Evaluation of the fill yarns effect on the out-of-plane compressive fatigue behavior for an unidirectional glass fiber reinforced epoxy composite

Understanding the out-of-plane mechanical behavior of composite materials is necessary to optimally design thick structures. In unidirectional laminates, the out-of-plane mechanical behavior is generally characterized by the in-plane data assuming transverse isotropy; nevertheless unidirectional woven contain a fraction of fill yarns that might change this property. To evaluate the fill yarns effect over the transverse isotropy, this work compares the in-plane mechanical performance to the out-of-plane behavior under a cyclic load for an epoxy glass fiber reinforced by a unidirectional weave.

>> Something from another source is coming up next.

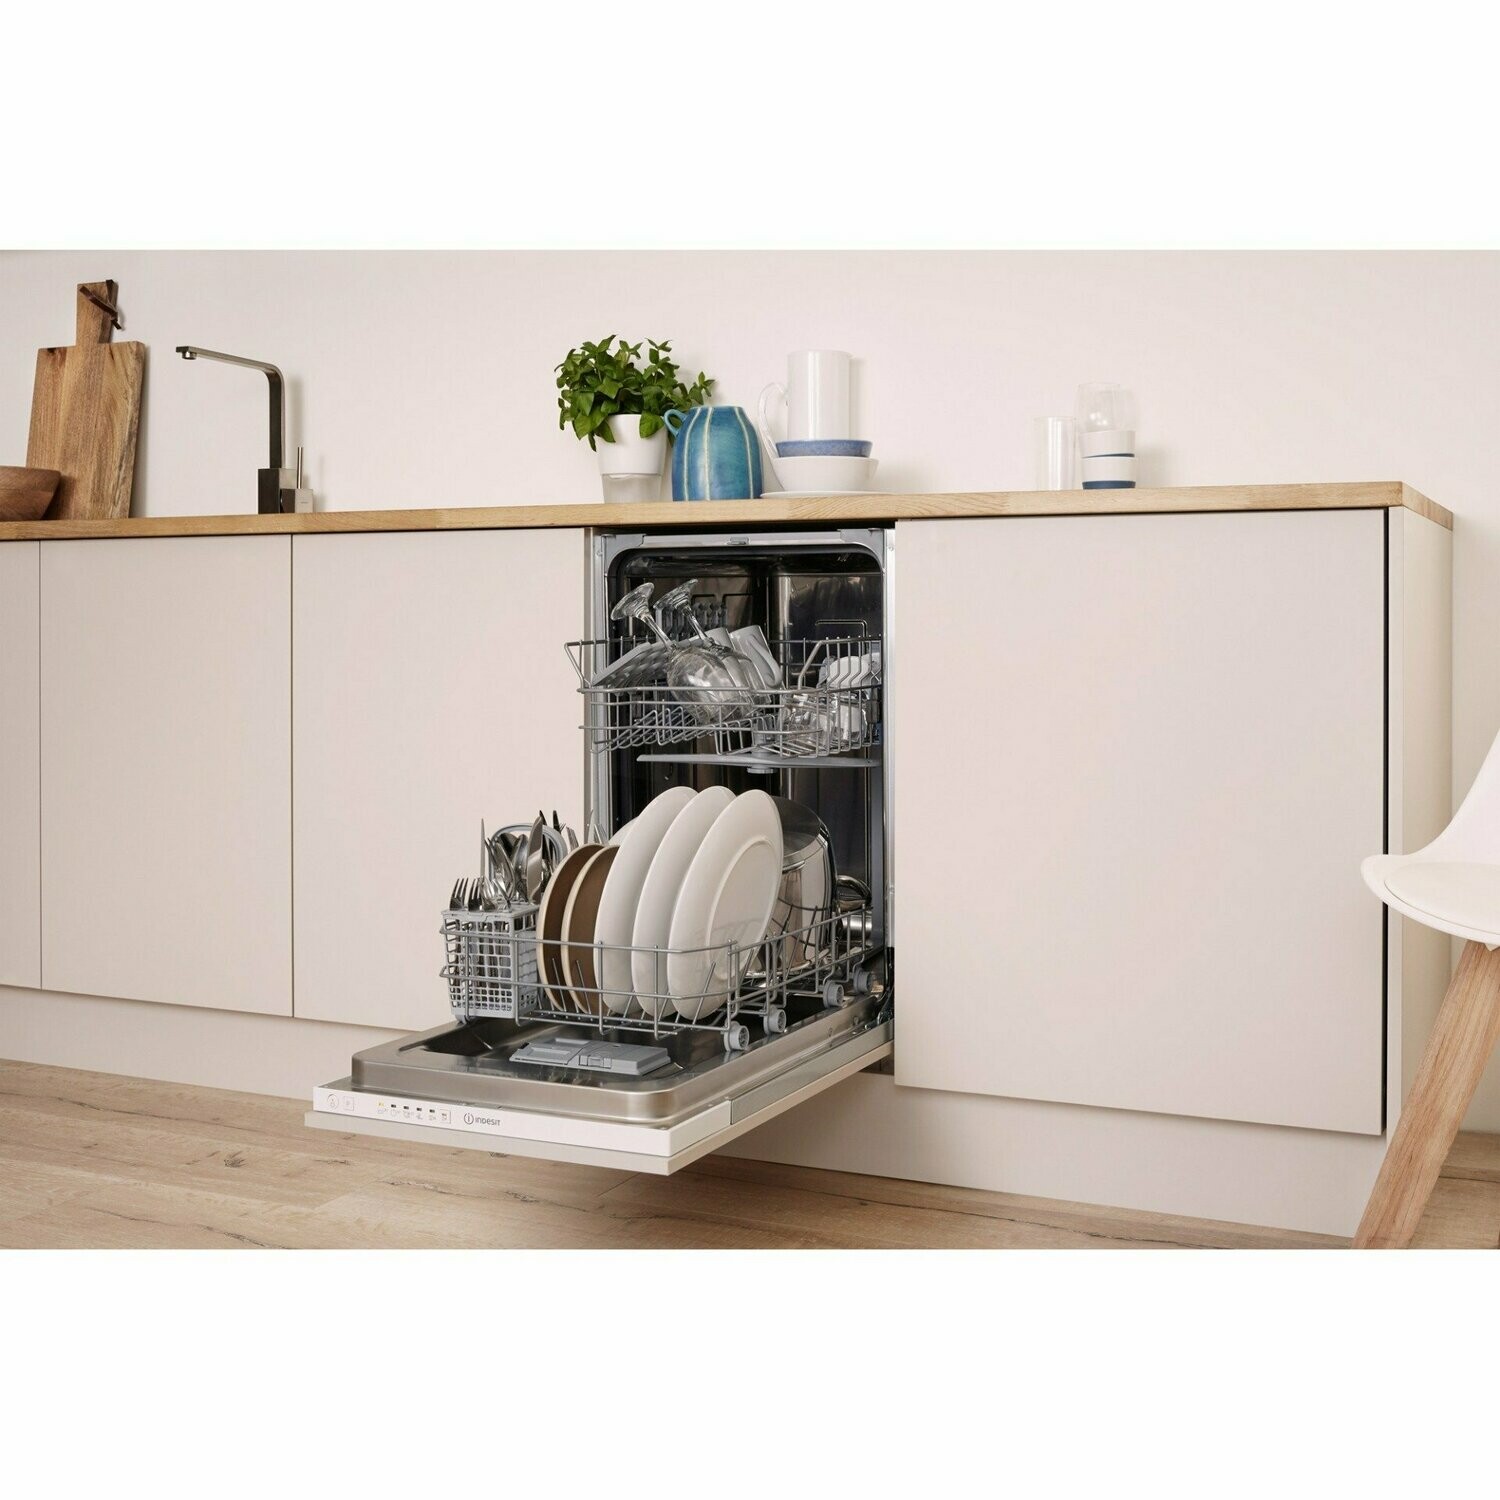 Посудомоечная машина индезит 45 см. Встраиваемая посудомоечная машина 45 см Whirlpool WSIC 3023 PFEX. Dsie 2b19 поддон. Посудомоечная машина Индезит 45 см встраиваемая.

First, the quasi-static tensile and compression strengths were determined for both planes. Fatigue tests were then performed at 95%, 90%, 80% and 70% of the compressive strength using stress ratios of R = 2, R = 10 (in compression–compression fatigue) and the critical stress ratio defined by the quotient between the compressive and tensile strengths. The results show that the quasi-static tensile strength depends on the plane, mainly due to the influence of the weave fill fibers. These fibers also influence the observed differences in compressive strength; however, the specimen geometry and boundary conditions also have an effect. Despite these differences, the fatigue strength detriment responds to the same causes and their magnitude in terms of the number of cycles is similar. An in-plane S – N curve of the compression–compression fatigue can be transformed into an out-of-plane curve using the compressive strength in both planes and vice versa.